As university students from the Forest of Dean return to their studies in September, or start their brand new education venture, many may also be looking to insure their vehicle. However, new drivers aged 17–19 are facing average annual insurance premiums of £1,346, the highest of any age group, and those aged 20-29 even still paying an average of £998 a year.
Sam Evans, director of UK car dealership Beck Evans, says that many new drivers miss easy savings because they simply accept their first quote without properly checking what deals are out there.
Evans shared a bunch of tips that could help drivers cut their insurance bills significantly, particularly important for those aged between 17 and 25 who typically face higher premiums.
Read below to discover what he said.
Pick a car with a smaller engine
The statistics show that vehicles with smaller engines cost less to insure because they pose less risk. These cars are less powerful, making high-speed accidents less likely, which insurers recognise when calculating premiums.
Insurance companies classify cars into groups from 1-50, with lower numbers typically resulting in cheaper insurance costs.
Take an extra driving course
New drivers who take a Pass Plus course can show they're a safer driver. This tells insurers you're less risky, which can mean reduced premium costs.
The Pass Plus course covers driving in different conditions, including motorways, rural roads, and at night, which are all situations that new drivers might find challenging.
Consider black box policies
Black box policies allow insurers to track how you really drive rather than relying on statistics about your age group. The device tracks speed, braking, cornering, and time of travel, rewarding you with cheaper insurance if you drive well.
Add a parent or someone experienced to your policy
Adding a low-risk, experienced driver such as a parent to your policy can bring your costs way down. This works because insurers calculate risk based on all named drivers.
Do not fake who the main driver is, as this constitutes insurance fraud known as 'fronting' and could lead to claims being rejected and policies cancelled.
Raise your voluntary excess (if you can afford it)
Opting for a higher voluntary excess can shrink your monthly cost. This approach works well if you can afford the excess amount should you need to make a claim.
Drivers should always check the total excess, which includes both voluntary and compulsory elements, to make sure it's still doable if you need to claim.
Shop around for add-ons
Car insurance add-ons like breakdown cover or legal protection might be cheaper when purchased separately. Price comparison between standalone products and bundled offers can save you a chunk of money.

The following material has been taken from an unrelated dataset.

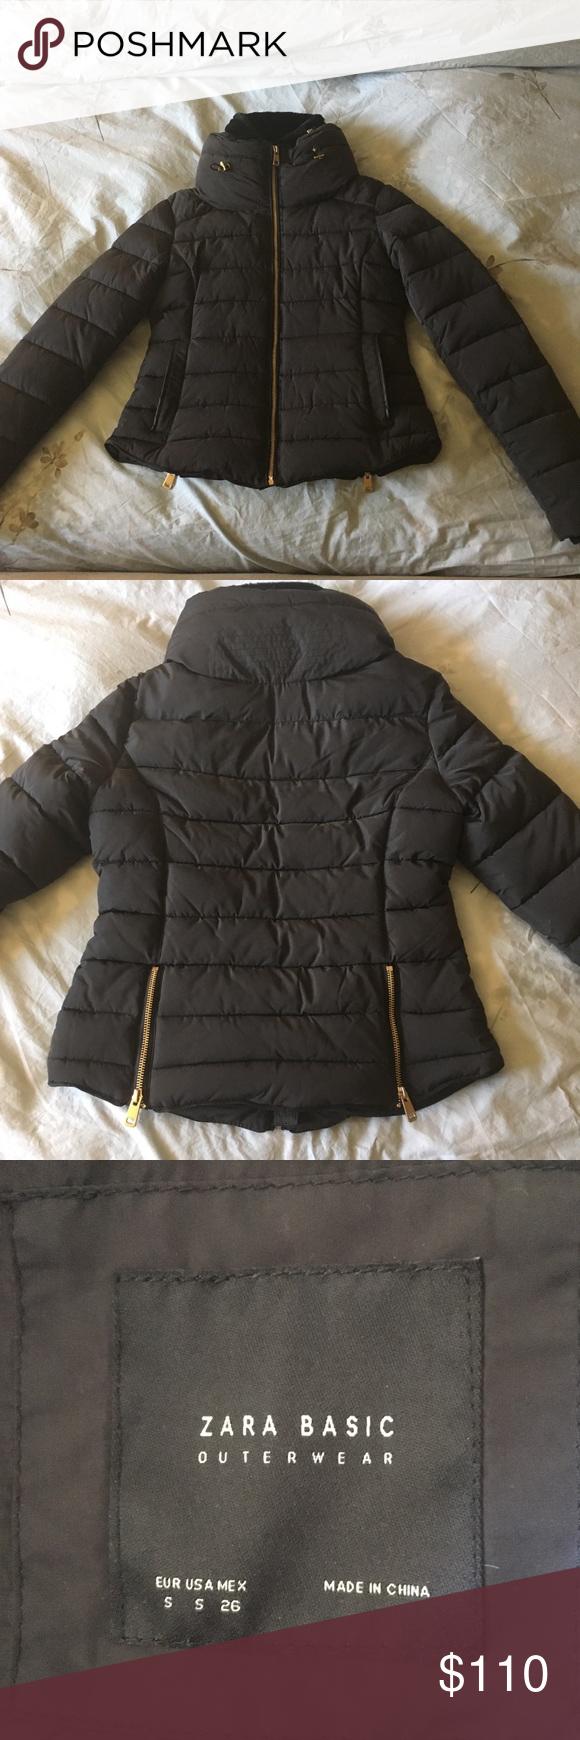 Zara Basic Jacket It S A Black Winter Jacket With Gold Accents Zara Jackets Coats Puffers Fashion Zara Basic Jackets [ 1740 x 580 Pixel ]

Check whether existing bank accounts or credit cards already include breakdown cover before paying extra for it through insurance.
Talk to a broker
An insurance broker gives advice based specifically on your current situation. They have access to deals you may not find on comparison sites.
Insurance brokers can be very important for new drivers with unusual circumstances, such as those with modified cars or international driving experience.
The car dealership director also reminded UK drivers that it's illegal to drive without at least third-party cover, with penalties for uninsured driving including fines up to £1,000, six penalty points, and even losing your car.
Conclusion
Paying for the year upfront can save you a lot, though it requires a larger upfront payment. The savings can be substantial, often up to 20 per cent compared to monthly payments, because monthly plans come with interest, so you pay more in the long run.